OTTIMO SITO EVANGELICO
Abbiamo la santa cena o comunione, ma questa non è la messa. La forma esteriore della messa recentemente si è
avvicinata molto a quella della santa cena, ma le differenze dottrinali sfortunatamente sono rimaste. La dottrina cattolica romana della messa, stabilita dal Concilio di Trento, afferma che essa
è un sacrificio propiziatorio che viene offerto per espiare i peccati dei viventi e dei morti in Cristo. Questo non possiamo accettarlo, perché la Bibbia insegna chiaramente che Cristo ha offerto
sé stesso: "un unico sacrificio per i peccati" (Ebrei 10:12; vedi anche Romani 6:9-10), e che non vi è bisogno di ulteriori sacrifici perché "questo egli ha fatto una volta per sempre quando ha
offerto sé stesso" (Ebrei 7:25-27; 9:22,25-28).
Quindi non possiamo rinnovare il suo sacrificio per aiutare le povere anime del purgatorio. Notate bene che la Bibbia non parla affatto di purgatorio. Inoltre, fatto molto importante, la
necessità di ripetuti sacrifici dà l'idea che il sacrificio di Cristo non sia stato sufficiente per la espiazione dei nostri peccati, ma che necessiti contribuire ad essa con numerosi altri
sacrifici complementari. Dio afferma, al contrario, che il sacrificio di Cristo non può essere ripetuto perché è sufficiente per tutti i tempi per la remissione dei nostri peccati: "E non mi
ricorderò più dei loro peccati e delle loro iniquità. Ora, dov'è remissione di queste cose, non c'è più luogo a offerta per il peccato" (Ebrei 10:17-18).

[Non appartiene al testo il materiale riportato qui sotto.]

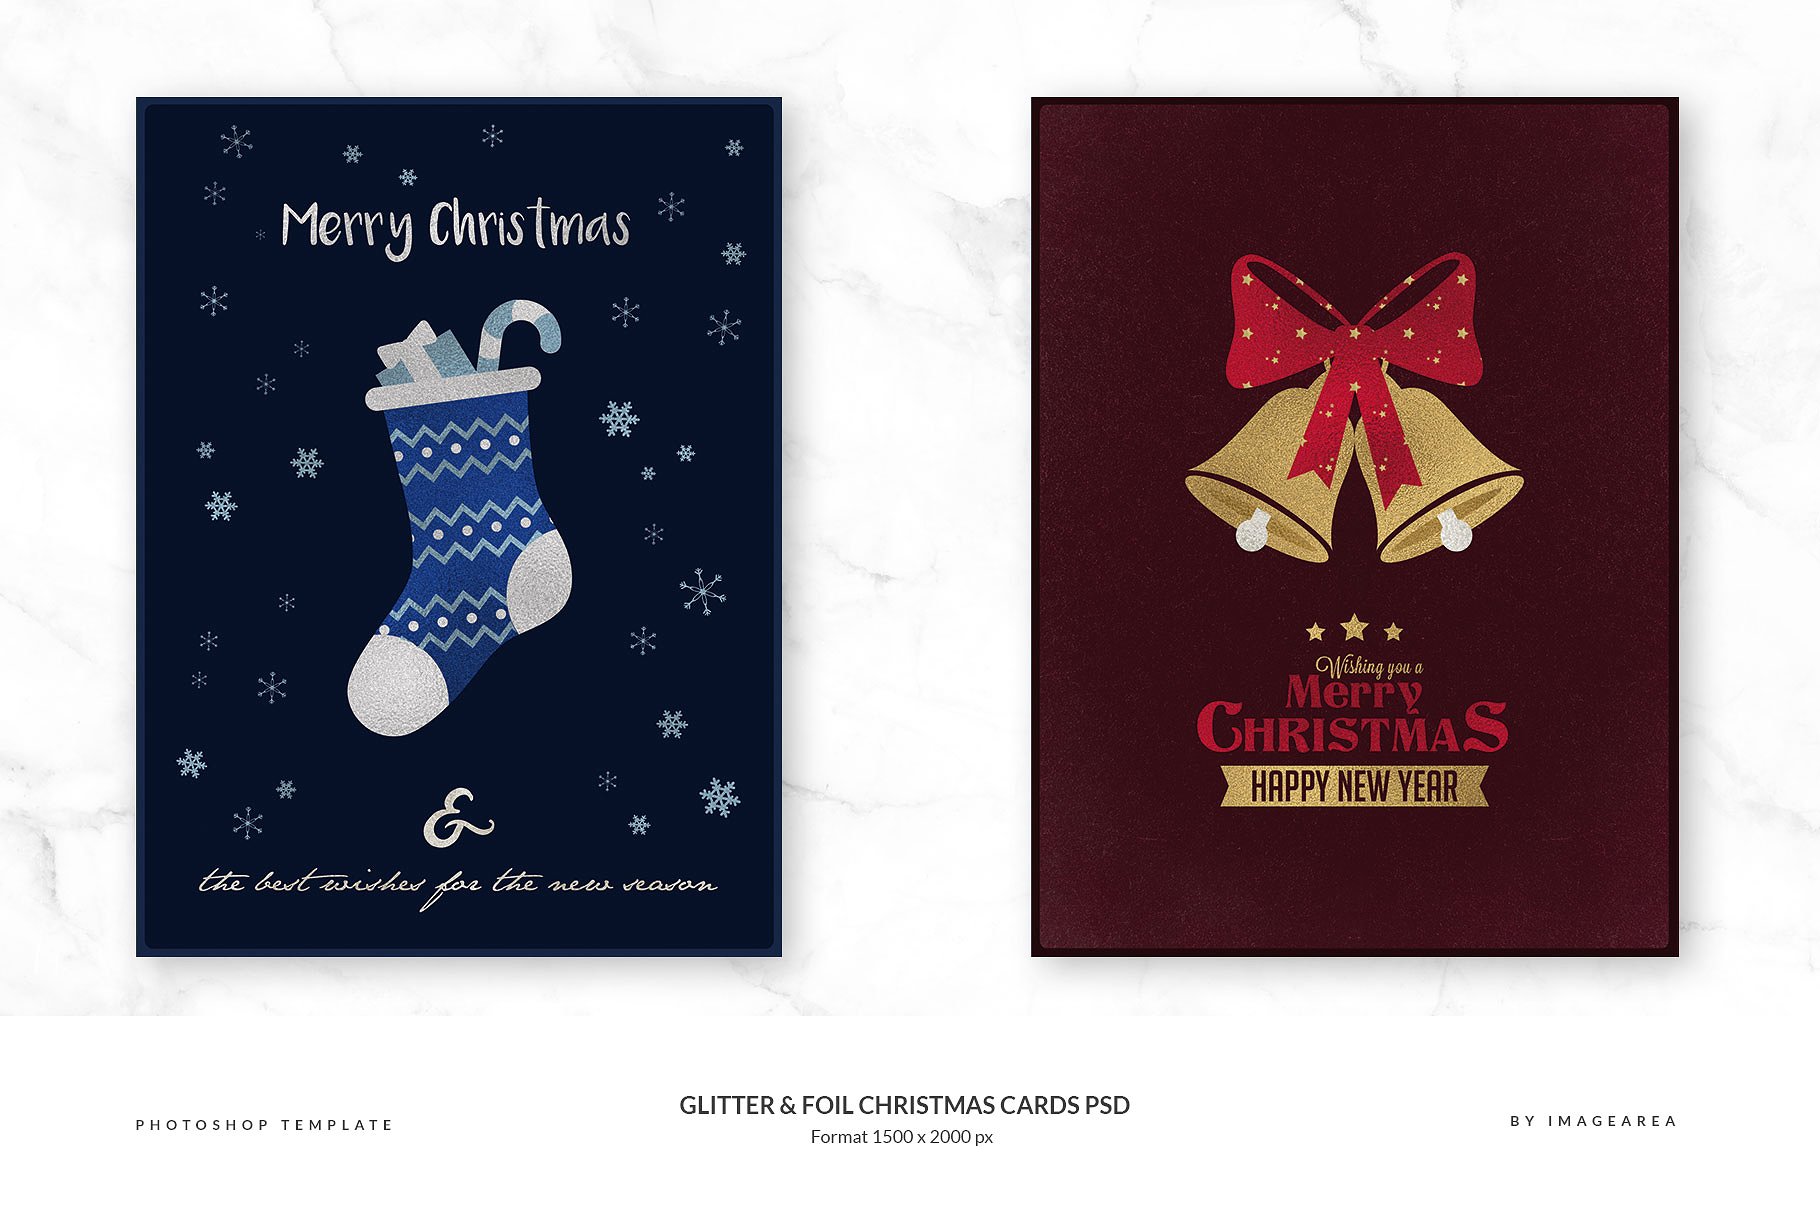 闪粉&金箔圣诞卡PSD模板合集 Glitter & Foil Christmas Cards PSD插图3

La Bibbia insegna che "Il sangue di Gesù ... ci purifica da ogni peccato" (1 Giovanni 1:7). Accanto alla teoria del
sacrificio giornaliero di Cristo, c'è la tradizione cattolica secondo la quale la sostanza del pane e del vino viene cambiata effettivamente nel corpo e nel sangue di Cristo.
Il miracolo viene chiamato transustanziazione. Questa tradizione si introdusse nella Chiesa circa il 380 d.C.. Divenne dogma di fede nel 1215 ed i cattolici cominciarono ad inginocchiarsi davanti
all'ostia nel 1226.
La Chiesa, accettando questa tradizione, cerca di sostenerla con le parole di Gesù: "Questo è il mio corpo", ma queste parole non insegnano che il pane subisce un cambiamento diventando
letteralmente carne di Cristo. Gesù, dopo aver detto "questo è il mio corpo", chiama il pane nello stesso brano per ben tre volte "pane" (1 Corinzi 11:24-28). Lo stesso pensiero troviamo riguardo
al vino, il quale viene chiamato "frutto della vigna" (Marco 14:25), quando invece avrebbe dovuto già essere stato cambiato in sangue. Così per poter interpretare letteralmente le tre volte che
viene chiamato pane, è necessario interpretare figurativamente le parole "Questo è il corpo" nello stesso modo in cui interpretiamo le parole di Cristo: "io sono la porta".
Nella messa non avviene alcun cambiamento, mentre nei miracoli di Cristo ciò era evidente. Quando per esempio Cristo
cambiò l'acqua in vino, fu chiaro a tutti che non si trattava più d'acqua, ma di vino (Giovanni 2:9-10). Questo cosiddetto cambiamento è impossibile anche perché Cristo si trova corporalmente in
cielo nell'età presente.
Ciò viene spiegato da Pietro in Atti 3:21 e riaffermato in Ebrei 10:12: "Questi, dopo aver offerto un unico sacrificio per i peccati, e per sempre, si è posto a sedere alla destra di Dio". Cristo
insegnava ai suoi discepoli di fare la santa cena in ricordo di lui: "Fate questo in memoria di me" (1 Corinzi 11:24).